This short article will provide you with a description of this new JVM 1.6 HotSpot OutOfMemoryError error message and how you should attack this problem until its resolution.
You can also refer to this post for a real case study on a Java Heap problem (OutOfMemoryError: GC overhead limit exceeded) affecting a JBoss production system.
Please also feel free to post any comment or question if you need help with your problem.
java.lang.OutOfMemoryError: GC overhead limit exceeded – what is it?
Everyone involved in Java EE production support is familiar with OutOfMemoryError problems since they are one of the most common problem type you can face. However, if your environment recently upgraded to Java HotSpot 1.6 VM, you may have observed this error message in the logs: java.lang.OutOfMemoryError: GC overhead limit exceeded.
GC overhead limit exceeded is a new policy that was added by default for the Java HotSpot VM 1.6 only. It basically allows the VM to detect potential OutOfMemoryError conditions earlier and before it runs out of Java Heap space; allowing the JVM to abort the current Thread(s) processing with this OOM error.
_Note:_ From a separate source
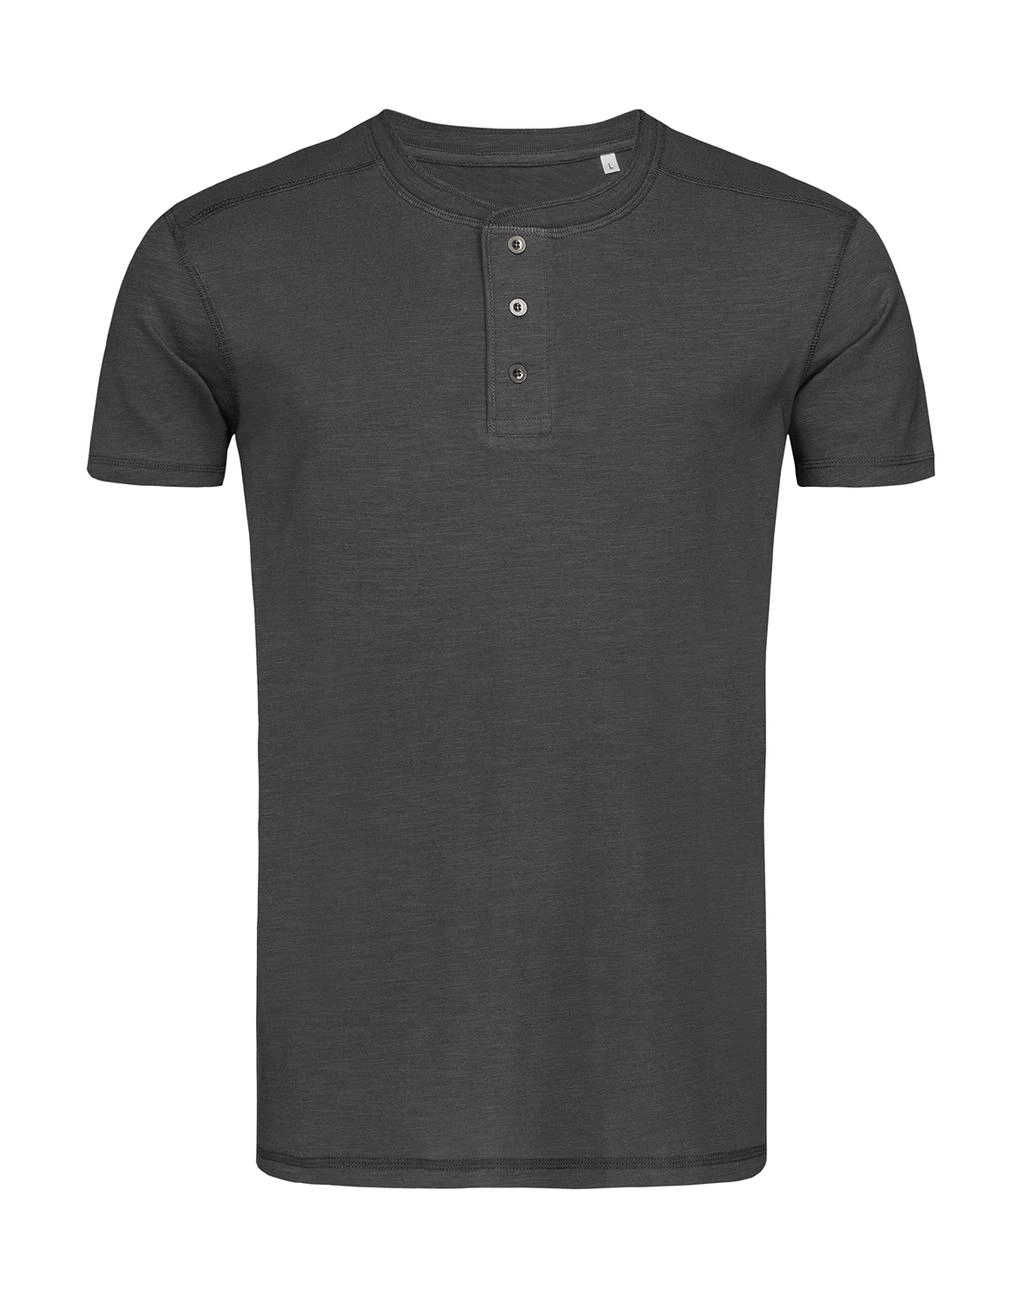 Shawn Henley T-shirt Men zum Besticken und Bedrucken in der Farbe Slate Grey mit Ihren Logo, Schriftzug oder Motiv.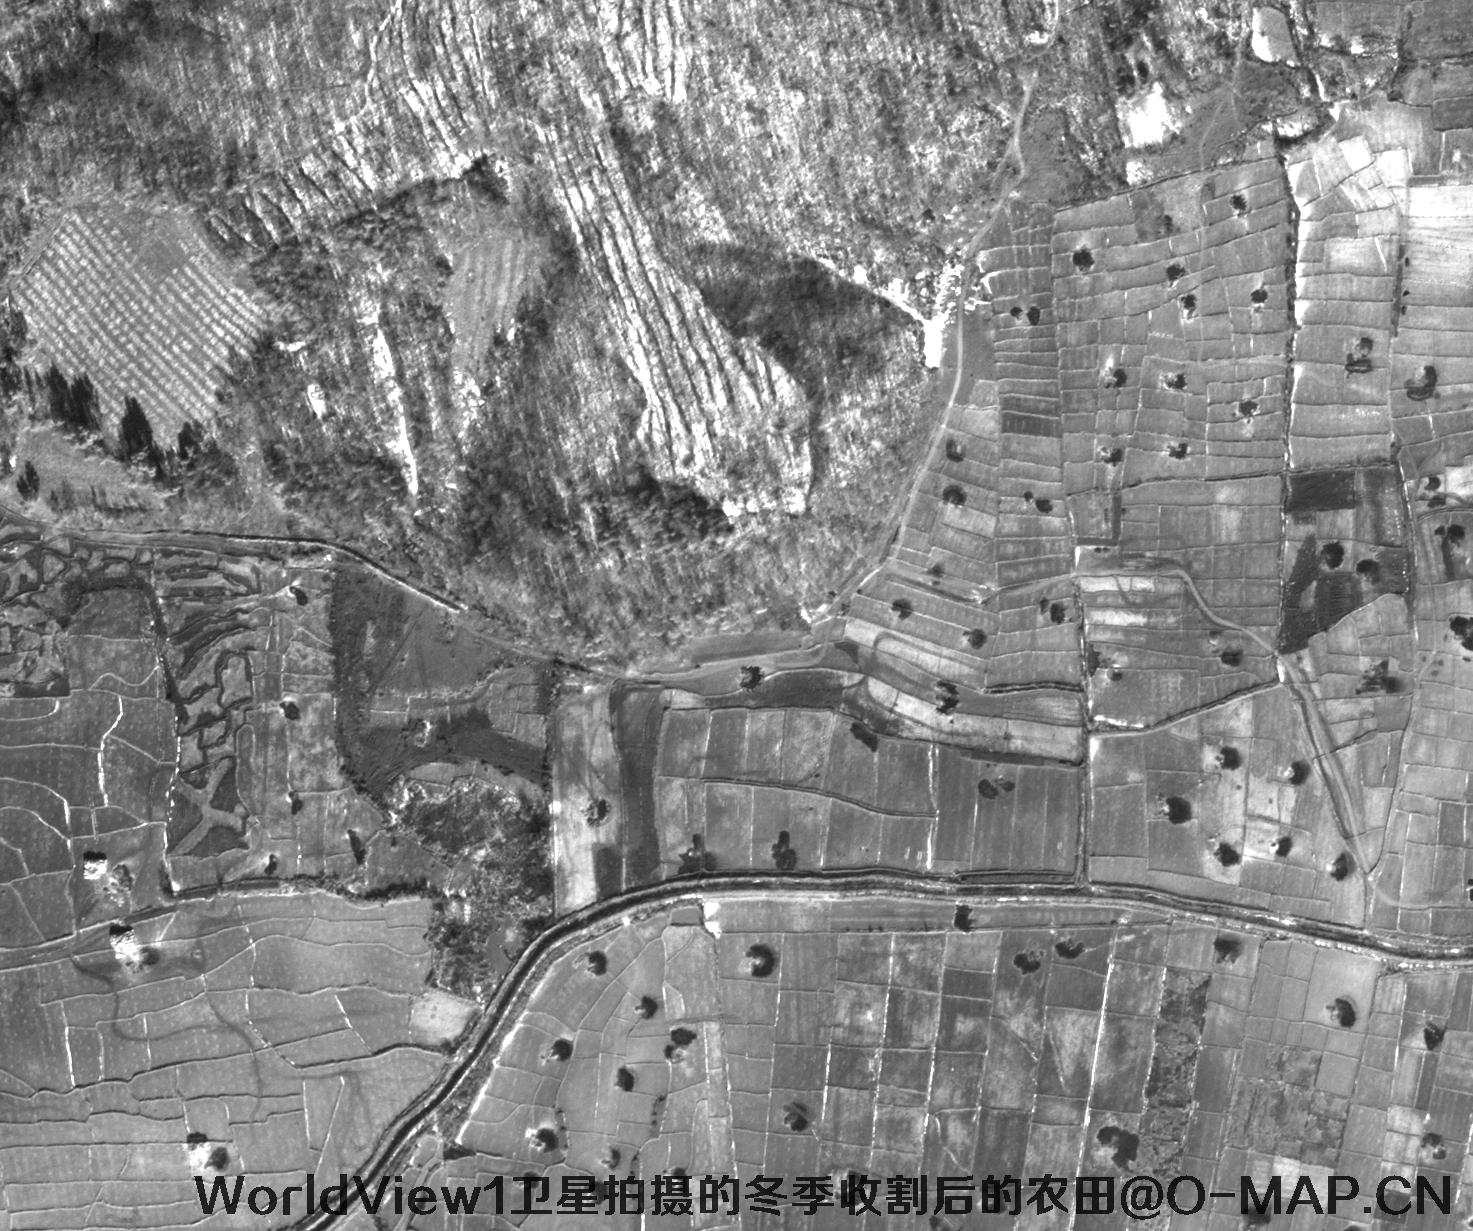 WorldView1卫星拍摄的黑龙江省冬季收割后的农田

The policy criterias are based on the elapsed time and frequency of your VM GC collections e.g. GC elapsed time too high, too many Full GC iterations or too much time spent in GC can trigger this error.
The official Sun statement is a par below:
The parallel / concurrent collector will throw an OutOfMemoryError if too much time is being spent in garbage collection: if more than 98% of the total time is spent in garbage collection and less than 2% of the heap is recovered, an OutOfMemoryError will be thrown. This feature is designed to prevent applications from running for an extended period of time while making little or no progress because the heap is too small. If necessary, this feature can be disabled by adding the option -XX:-UseGCOverheadLimit to the command line.
Is it useful for Java EE production systems?
I have found on most of my problem cases that this new policy is useful at some level since it is preventing a full JVM hang and allowing you to take some actions such as data collection, JVM Heap Dump, JVM Thread Dump etc. before the whole JVM becomes unresponsive.
But don’t expect this new feature to fix your Java Heap problem, it is meant to prevent a full JVM hang and to abort some big memory allocation etc. you must still perform your own analysis and due diligence.
Is there any scenario where it can cause more harm than good?
Yes, Java applications dealing with large memory allocations / chunks could see much more frequent OOM due to GC overhead limit exceeded. Some applications dealing with a long GC elapsed time but healthy overall memory usage could also be affected.
In the above scenarios, you may want to consider turning OFF this policy and see if it’s helping your environment stability.
java.lang.OutOfMemoryError: GC overhead limit exceeded – can I disable it?
Yes, you can disable this default policy by simply adding this parameter at your JVM start-up:
Please keep in mind that this error is very likely to be a symptom of a JVM Heap / tuning problem so my recommendation to you is always to focus on the root cause as opposed to the symptom.
java.lang.OutOfMemoryError: GC overhead limit exceeded – how can I fix it?
You should not worry too much about the GC overhead limit error itself since it’s very likely just a symptom / hint. What you must focus on is on your potential Java Heap problem(s) such as Java Heap leak, improper Java Heap tuning etc. Find below a list of high level steps to troubleshoot further:
· If not done already, enabled verbose GC >> -verbose:gc
· Analyze the verbose GC output and determine the memory footprint of the Java Heap; including the ratio of Young Gen vs. Old Gen.. Having an old gen footprint too high will lead to too many frequent Full GC and ultimately to the OOM : GC overhead limit exceeded
· Analyze the verbose GC output or use a tool like JConsole to determine if your Java Heap is leaking over time. This can be observed via monitoring of the HotSpot old gen space.
· Look at your young Gen requirement as well, if you application generates a lot of short live objects then your Java Heap space must be big enough in order for the VM to allocate a bigger Young Gen space
· If facing a Java Heap leak and / or if you have concern on your Old Gen footprint then add the following parameter to your start-up JVM arguments: -XX:+HeapDumpOnOutOfMemoryError . This will generate a Heap Dump (hprof format) on OOM event that you can analyze using a tool like Memory Analyzer or JHat.